I glanced at Elyssa. "How will you, uh…you know?"

"My parents have packs.  I know of a few other places I can get them, but…"  She trailed off.

"But what?"

"I don't want to leave you.  You'll probably get killed without my help."

I laughed.  "You're such an optimist."  I looked at Shelton's back as he led us out of the park and into an alleyway across the street.  "Can we trust him?"

"You want my professional opinion?"

"You're obviously a better judge of character than I am."

A smile lit her face.  "I think we can trust him to an extent.  But Shelton looks out for Shelton.  Don't expect him to deliver more than he can."

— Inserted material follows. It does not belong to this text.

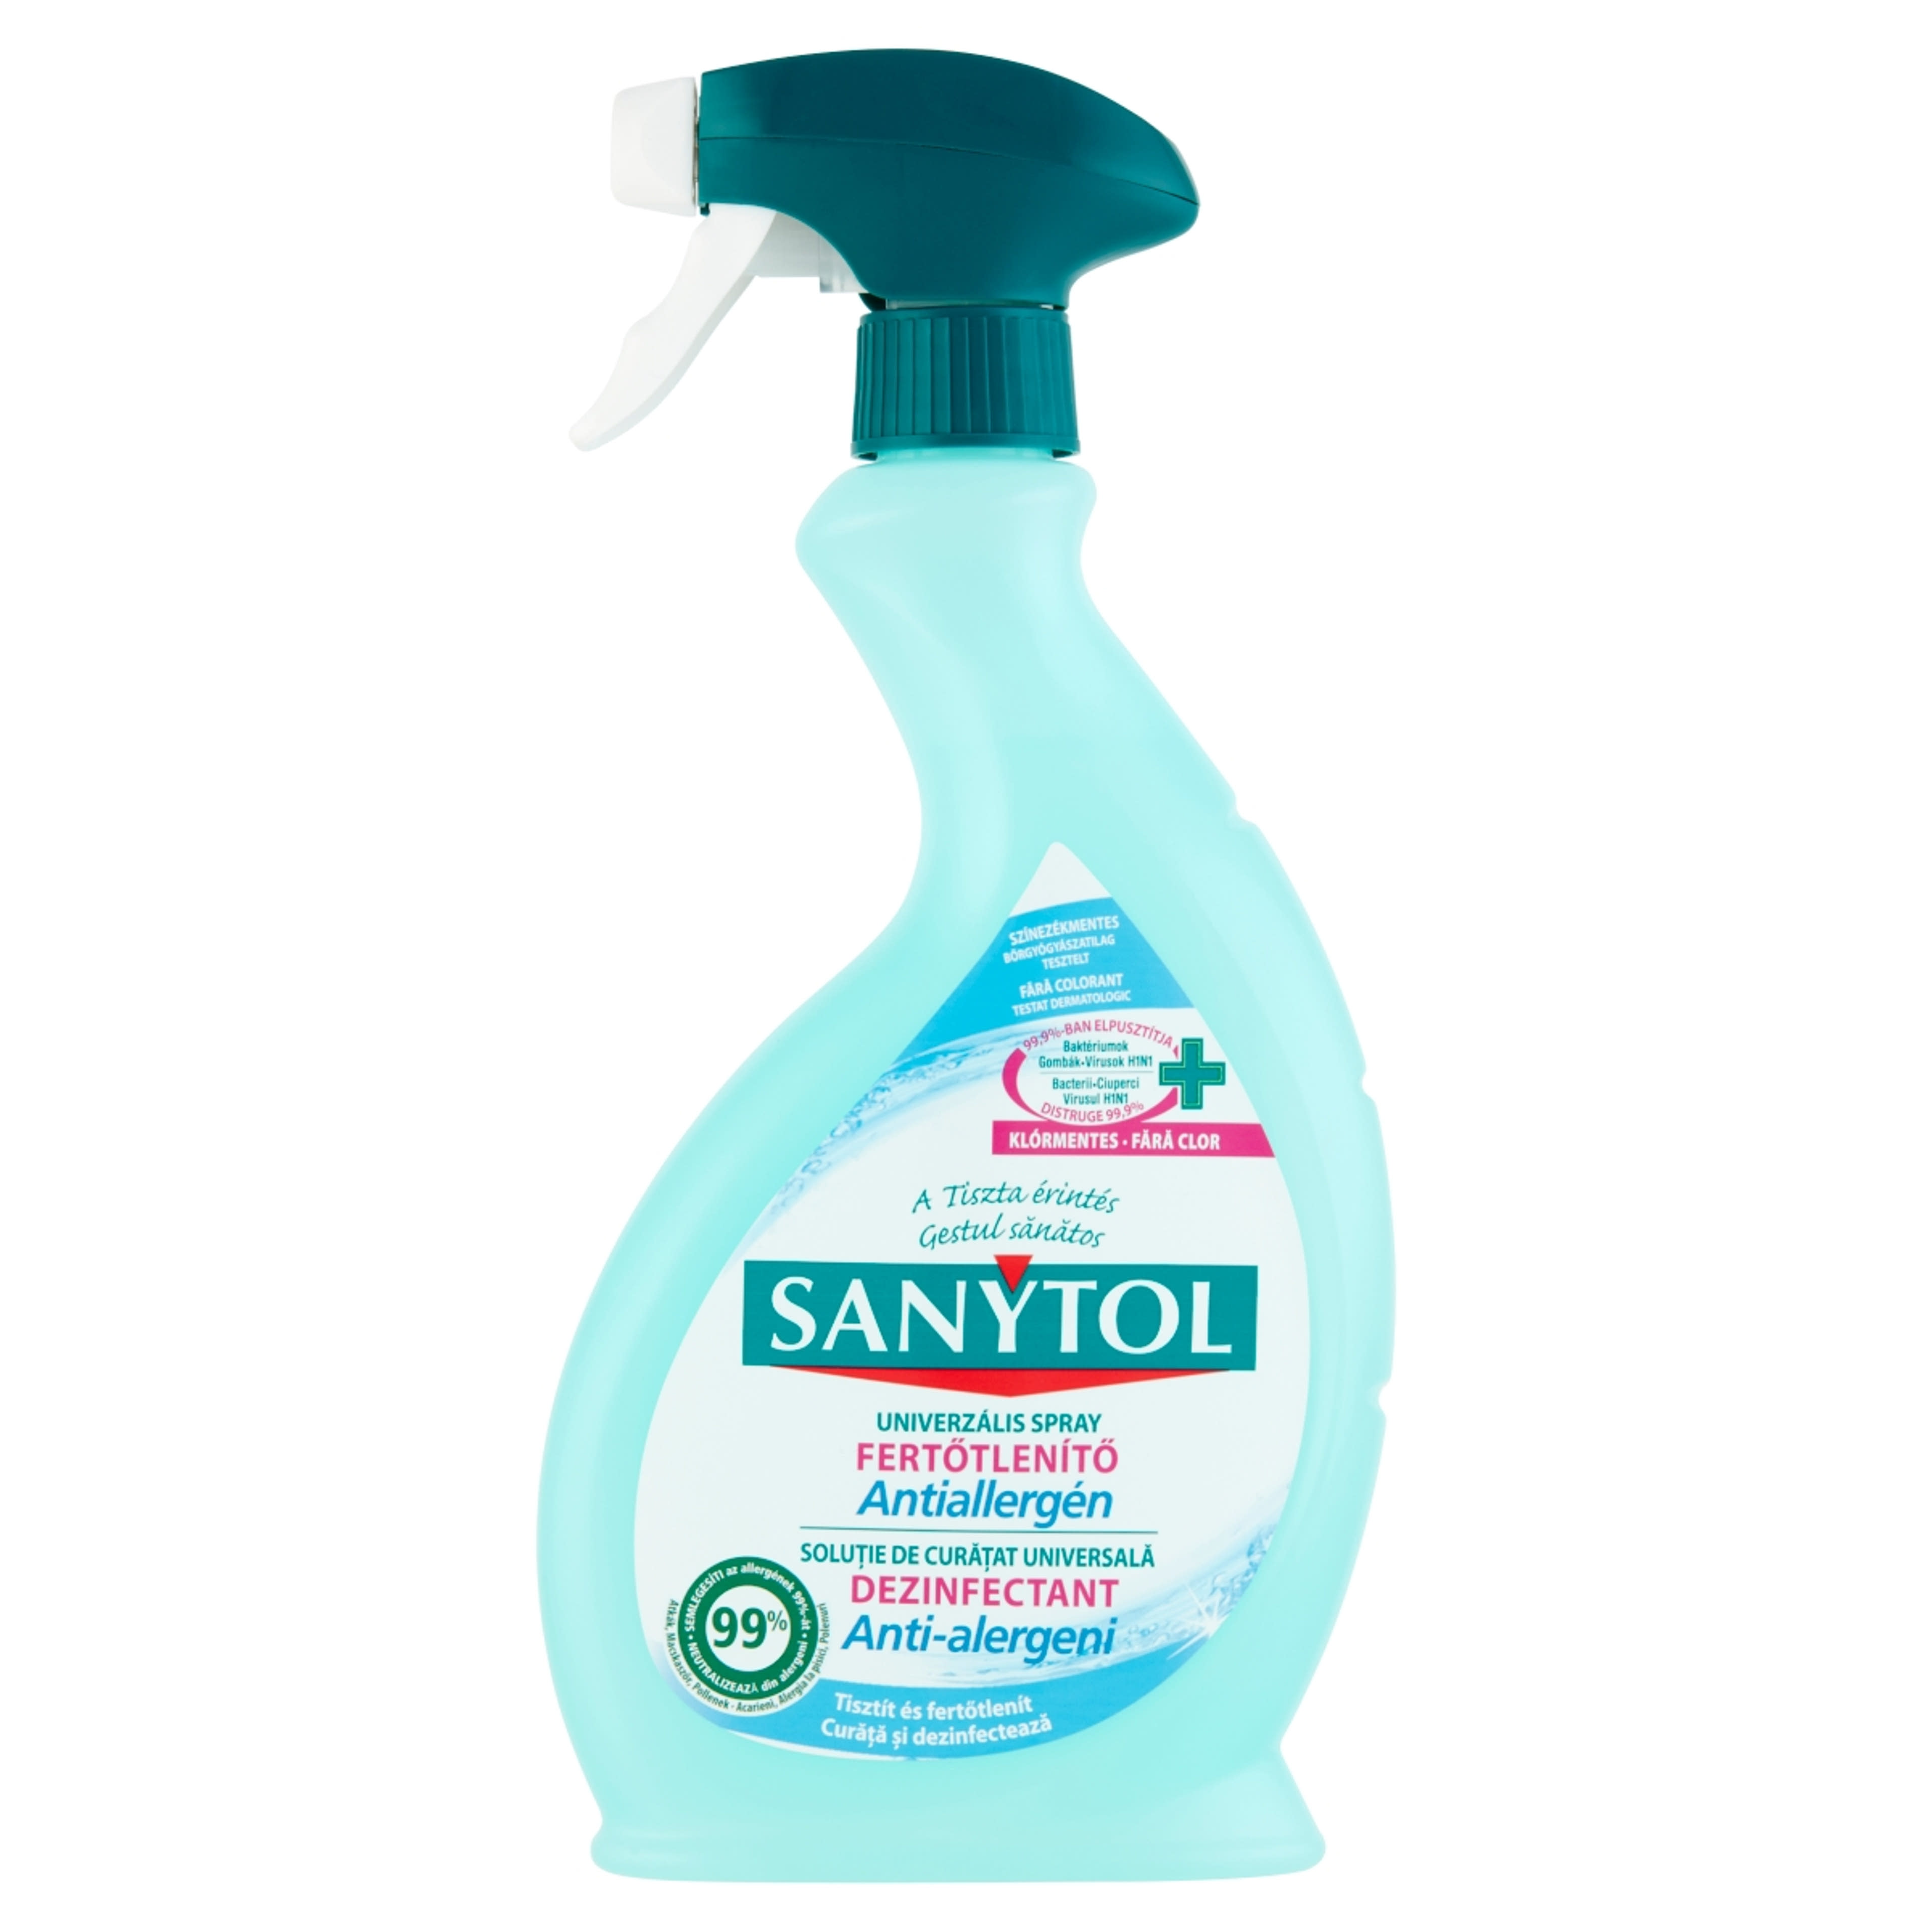 Sanytol Fertotleníto Antiallergén Universal Spray - 500 ml

"Then why is he helping us?"

"I have a feeling we'll find out."

My stomach clenched at the thought.

After a twenty-minute walk through a warren of narrow service roads, alleyways, and pot-holed streets in a bad part of the city, Shelton stopped in a narrow alley and examined an iron door set into the side of an old red-brick building.  It might have been a storehouse at some point.  A dozen or more identical doors lined this alley and the next one over, but I didn't see what made this one different.  The front of the building faced a cracked and rutted one-way street across from a graffiti-covered convenience store with more bars on the windows than the state penitentiary.  A bum in a cardboard hut groaned and rolled onto the filthy alley floor.  An empty alcohol bottle rolled from his fingers and into the gutter. In front of the convenience store I saw a group of men laugh raucously, drinking from containers covered with brown paper bags. I almost wished I could hear them swap stories—probably about killing people in prison.

"Nice neighborhood," I said.

He smirked.  "Quaint, ain't it?"

The inside didn't look much better.  Dust covered a bare concrete floor.  A filthy mattress with stains I didn't care to identify occupied a corner of the room.  "You're keeping Dad here?" I asked, horrified at the prospect of anyone sleeping on that mattress.